Upper Devonian formation in Northern Canada
Geologic group in Canadian Arctic

The Okse Bay Formation or Group is a Middle to Upper Devonian formation found in Okse Bay area, on Ellesmere Island in Nunavut, Canada. The formation contains many plant fossils, and fish fossils. With evident cross-bedding and thin coal layers this formation has been described as being deposited in a deltaic environment.

== Stratigraphy ==
Okse Bay Group contains five main formations Strathcona Fiord Formation, Hecla Bay Formation, Fram Formation, Hell Gate Formation and Nordstrand Point Formation. The Okse Bay is made up primary of shale and very fine grained sandstone, with siltstone and coal also present in small amounts. The deposition period of the Okse Bay represents a time during the Innuitian orogeny (Ellesmerian Orogeny) where depositional material was derived manly from the east from Ellesmere Island-Greenland craton.

The Nordstrand Point Formation is the upper most formation in the group. It is Late Devonian or Frasnian in age. Named by Embry and Klovan, 1976. It is approximately 2,200' thick. The formation is made of alternating layers of sandstone and shale. Sand layers are between ten and fifty feet thick and the shale layers are up to sixty feet thick. The sandstones are up to fine grained with some conglomerate found near the base. The primary lithologies are grey to green shales and siltstones, with occasional red shales near the base.

Below is the Hell Gate Formation. This formation is up to 2,290' feet thick and is made up of mostly white fine to medium grained sandstone, with extensive cross bedding found through out the formation. Units of shale and siltstone are found throughout the formation. Limited amounts of plant and fish debris are the only fossils found in this formation.

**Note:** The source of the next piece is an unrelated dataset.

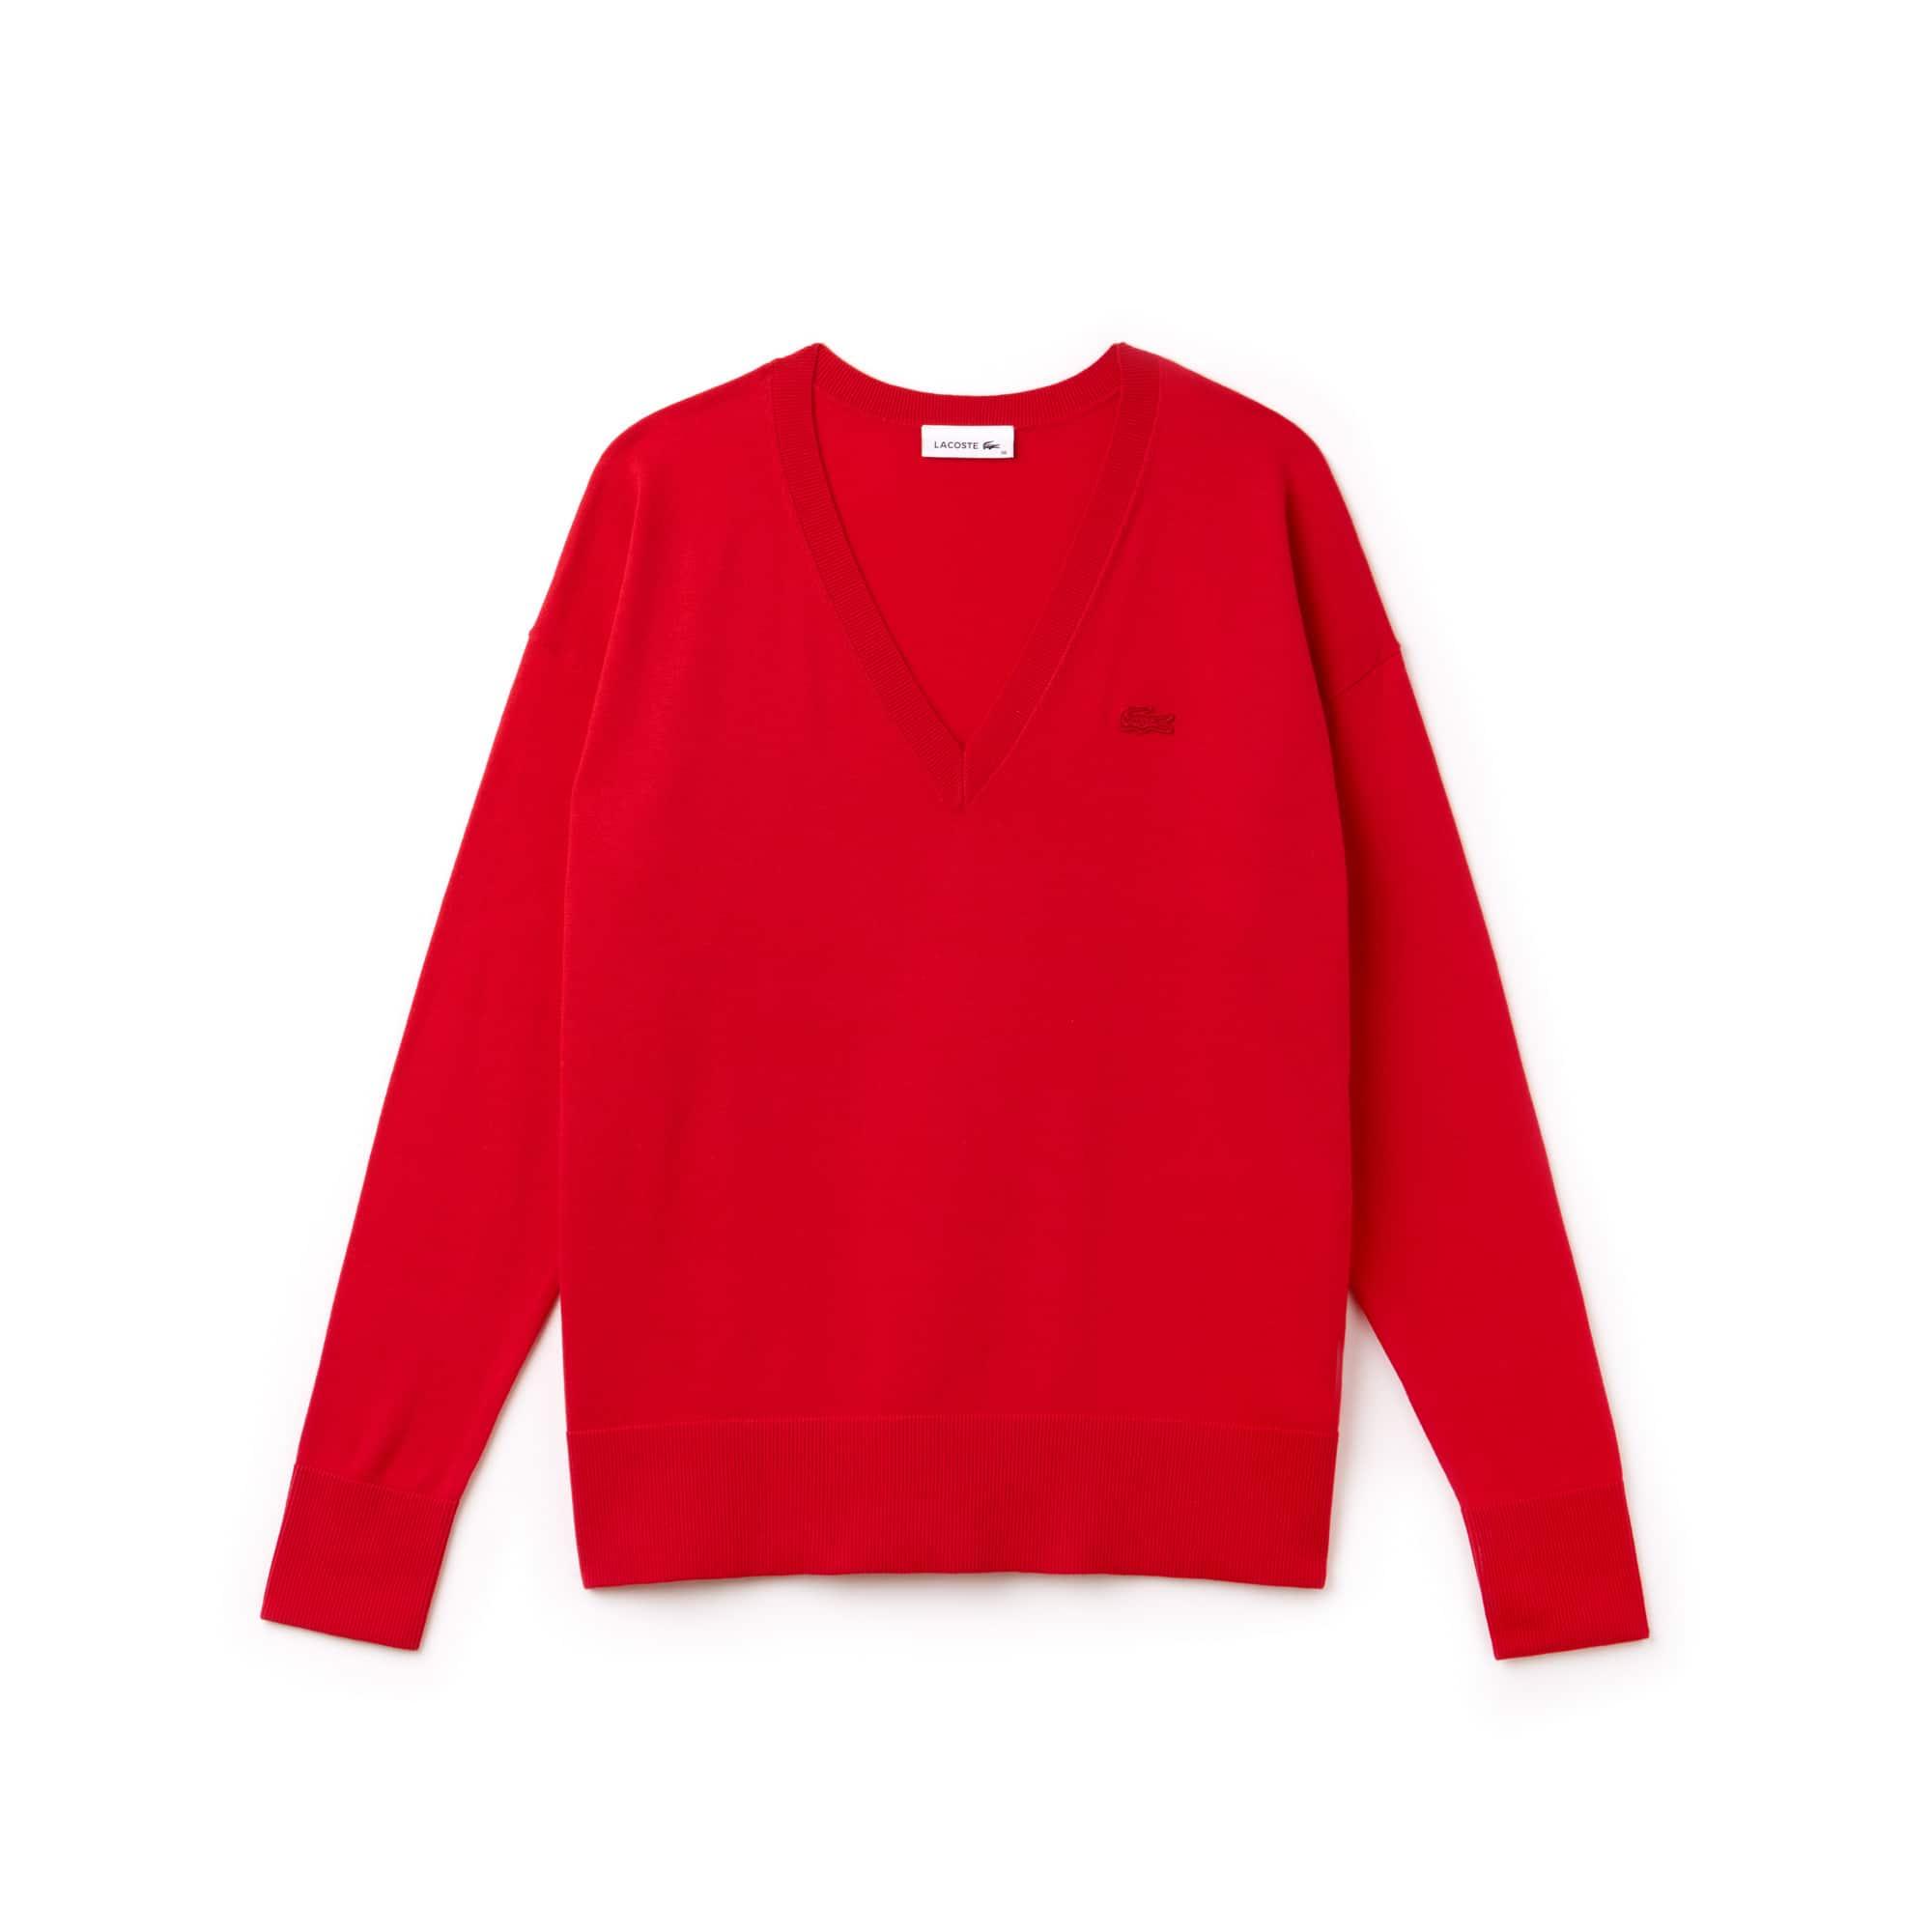 Jersey de cuello a pico de algodón liso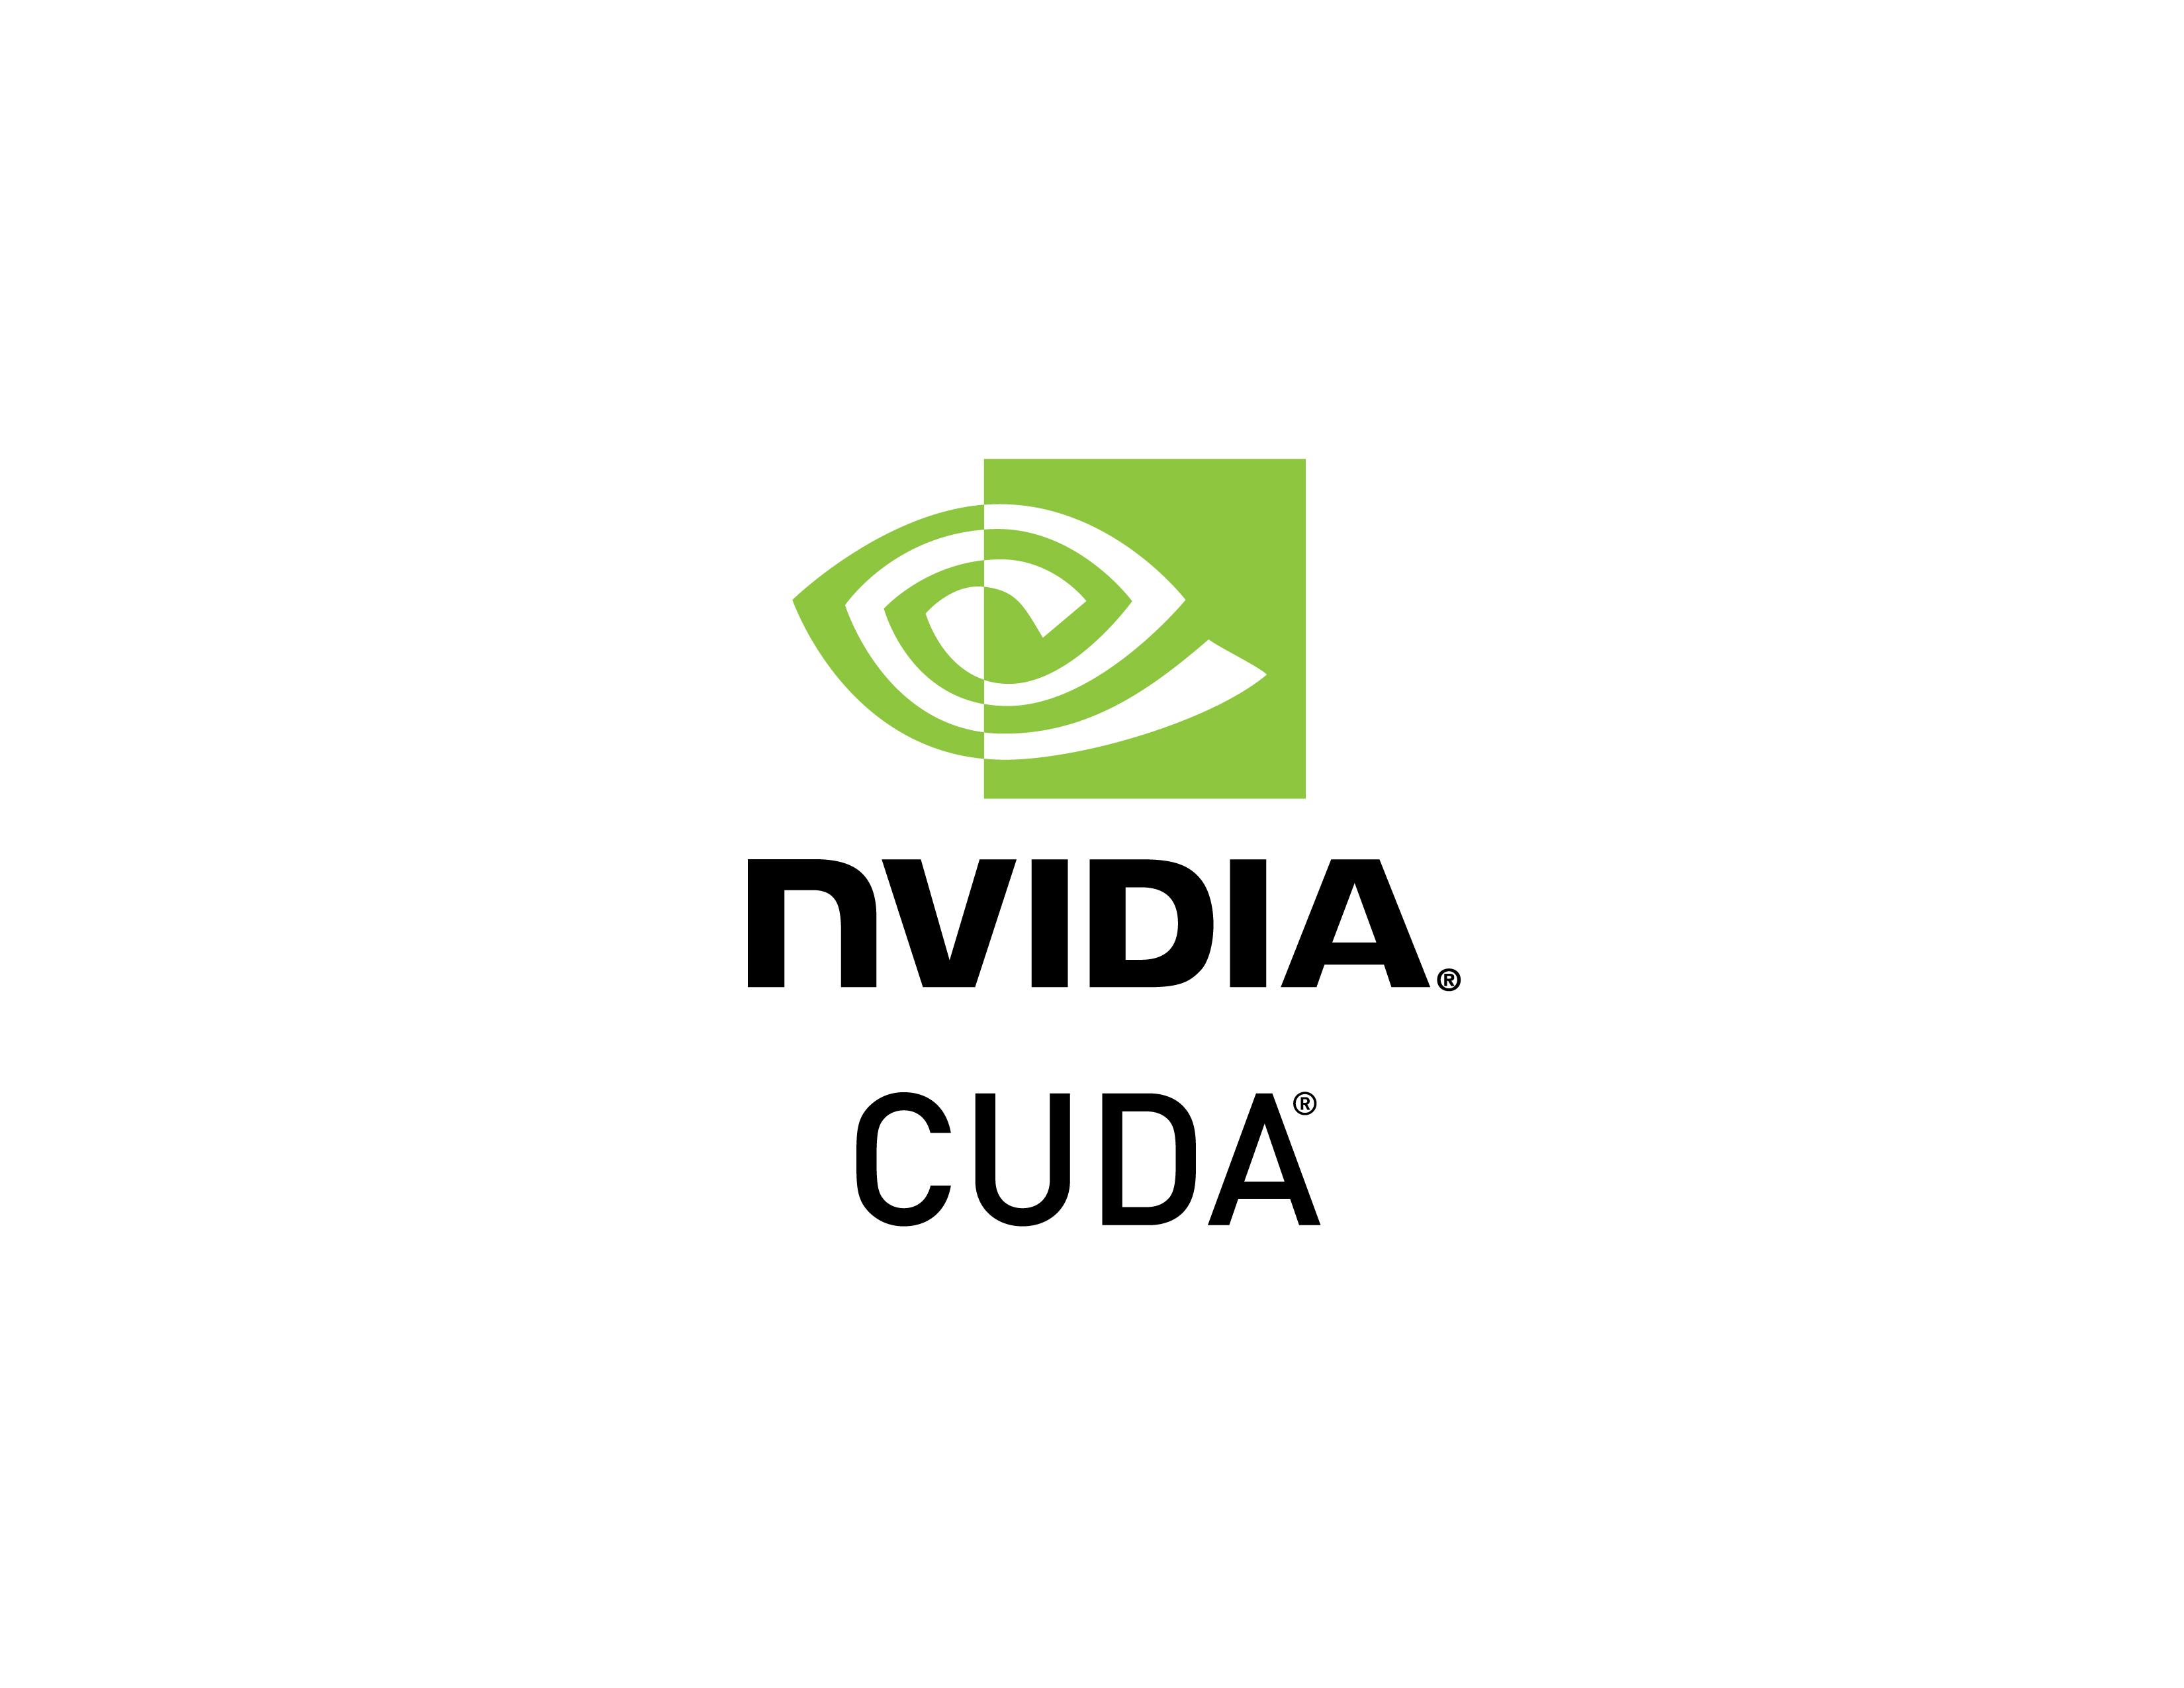 NVIDIA_CUDA_V_2C_r

The Fram Formation is made up of shale and siltstone units, with sandstone units bedded between. The shale/siltstone beds are between 20 and 70 feet thick. The lower half of the formation contains mostly red shales while the upper half contains green/grey shales. The sandstone units are 3 to 35 feet thick and fine upwards, with the lower half being fine grained and the upper half being very fine grained. Plant and fish remains can be found throughout the formation.

The Hecla Bay Formation is composed mainly of fine to medium grained sandstones. It also contains minor units of shale, siltstone and thin coal beds.